Another key topic, said Skrmetti, was that of creating sustainable housing options — both transitional and permanent. “The crowd was largely in favor of doing whatever is necessary to begin the process of establishing more options for transitional housing, including building a small community based on our tiny emergency shelter on wheels prototype,” Skrmetti said.
Any naysayers at the Town Hall were quelled by the presence of a mission group of volunteers from North Community UCC in Marshfield Hills, Mass., who happened to be working at Back Bay the week of the Town Hall. Group members participated in the discussion, and their words and presence helped further Back Bay’s position that the shelter is needed.
“A key statement that our local leaders love to say is that Biloxi is a tourist destination,” said Skrmetti, possibly alluding to not wanting to deal with homelessness. “Some of our mission campers shared that they themselves were tourists. Their encouragement of a shelter played right into Biloxi’s narrative of being ‘aesthetically pleasing,’ because a tiny shelter would remove trash that typically found in the area around a homeless camp.”
Looking Ahead
As in many communities, there has been a fear of homeless people among some Biloxi residents, and a sentiment of “not in my backyard” regarding transitional shelters. But Back Bay staff believes the court of public opinion has shifted regarding homelessness, with many people now feeling that the community must address homelessness on a large scale.

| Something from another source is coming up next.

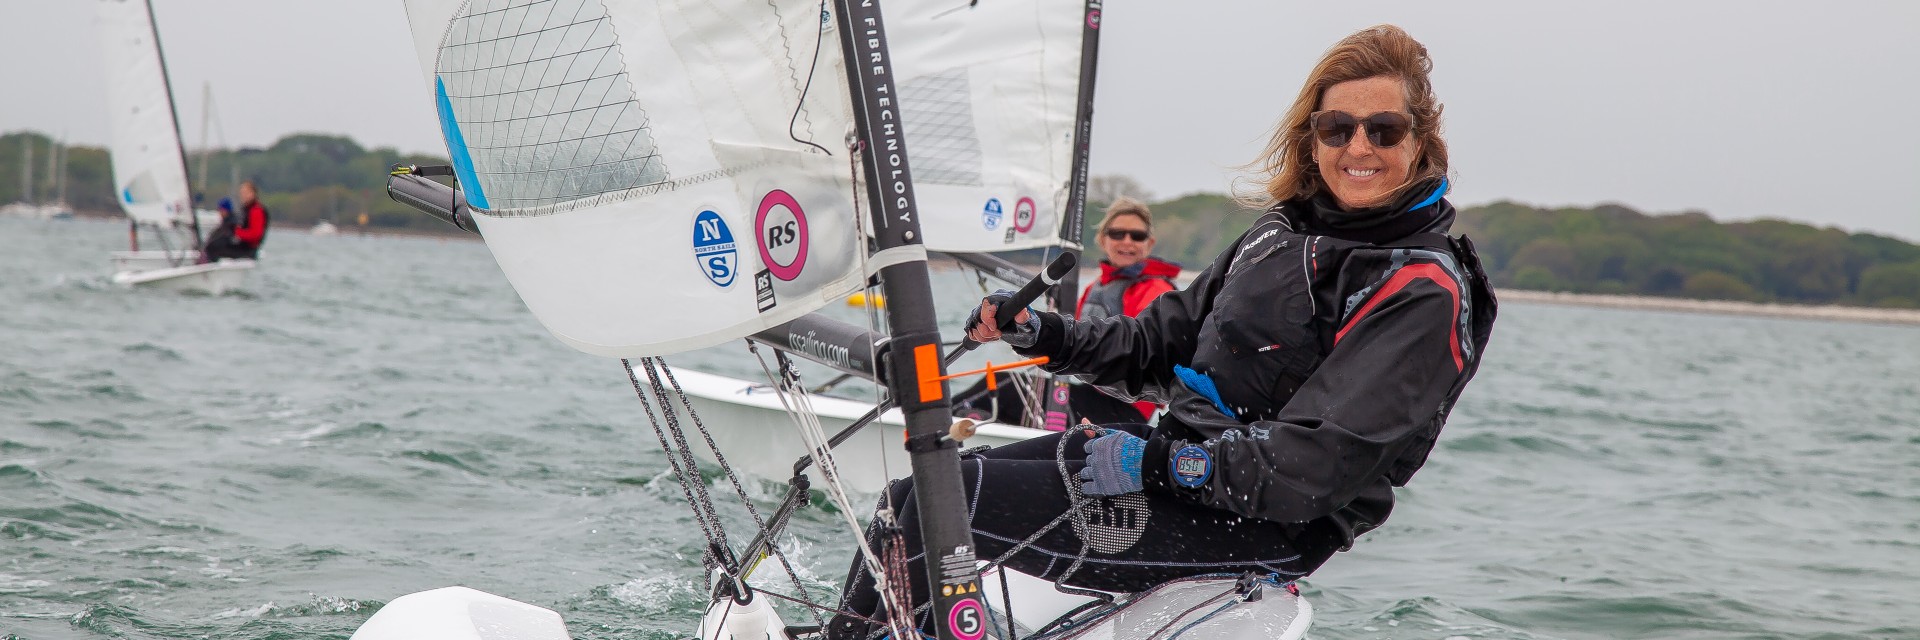 Women on the water sailing session

During the tour and Town Hall, those in attendance were surprised at the number of people Back Bay serves each month. For example, Skrmetti said that Back Bay’s food pantry alone was serving 250 individuals and families a month in early 2023. That number is now 550 each month.

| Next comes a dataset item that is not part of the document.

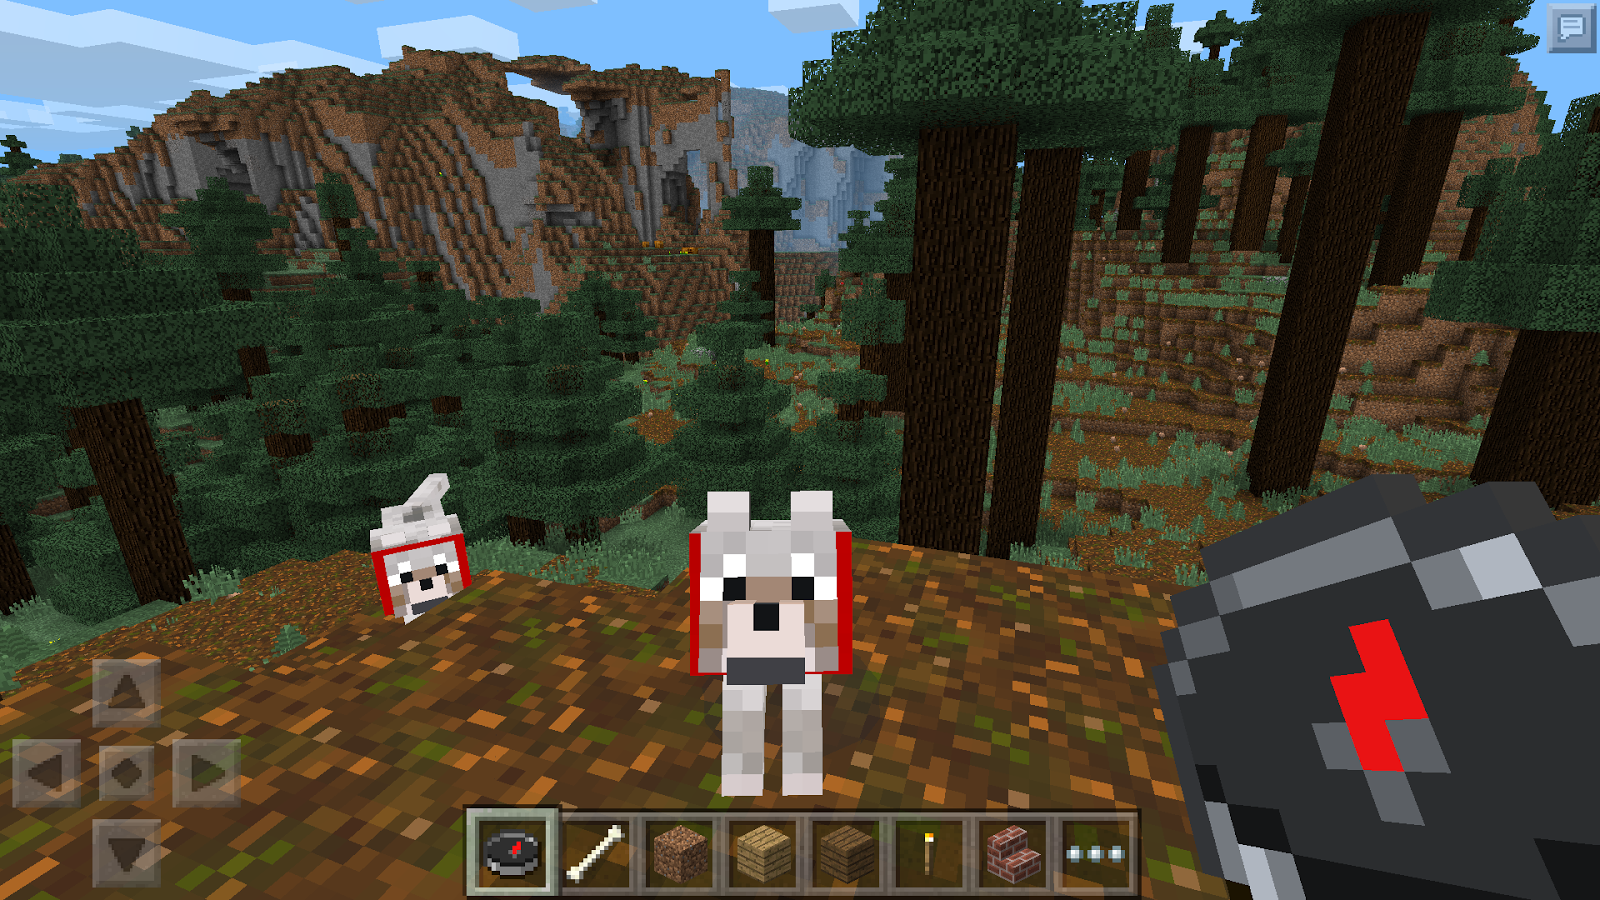 Minecraft Pocket Edition Free Download For Android 0.11.1

At the tour locations and during the Town Hall, Back Bay offered postcards that attendees could send to Biloxi’s mayor, encouraging the development of an overnight homeless shelter. Back Bay also is forming new partnerships with various local groups and community leaders in order to increase advocacy among residents of Biloxi and raise the necessary funds to build the emergency overnight shelters. Each emergency shelter would cost approximately $5,000 to build, and Back Bay’s vision is to develop multiple small communities, in order to make each one manageable so that services won’t get overwhelmed.

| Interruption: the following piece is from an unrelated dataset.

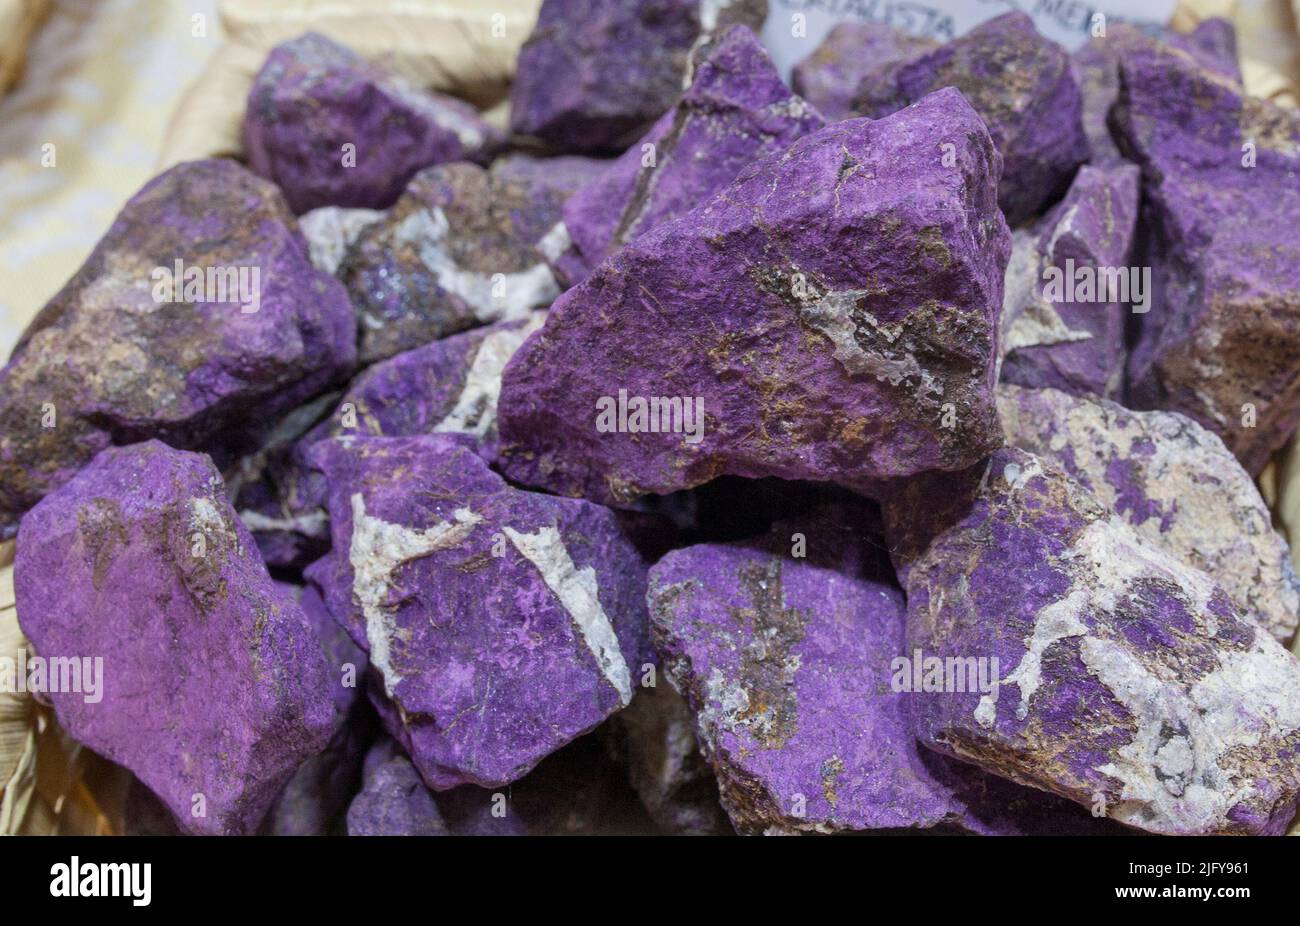 Fragments of purpurite believed to have beneficial health properties. Displayed on basket at street market stall Stock Photo

The presence of Back Bay Mission in Biloxi, Miss., changes lives, both in its Gulf Coast community and across the country, thanks to the people who volunteer their time at Back Bay and return to their local communities inspired to foster change. The Tiny Bedroom Tour and Town Hall on Homelessness were next steps in Back Bay’s work to strengthen neighborhoods, seek justice, and transform lives.
“It is our hope that we inspired those in attendance to voice their support and to act,” Skrmetti said. “We want to continue to educate, enlighten, and encourage as many people as possible — from all walks of life — to get involved because this issue is bigger than any one person or idea.”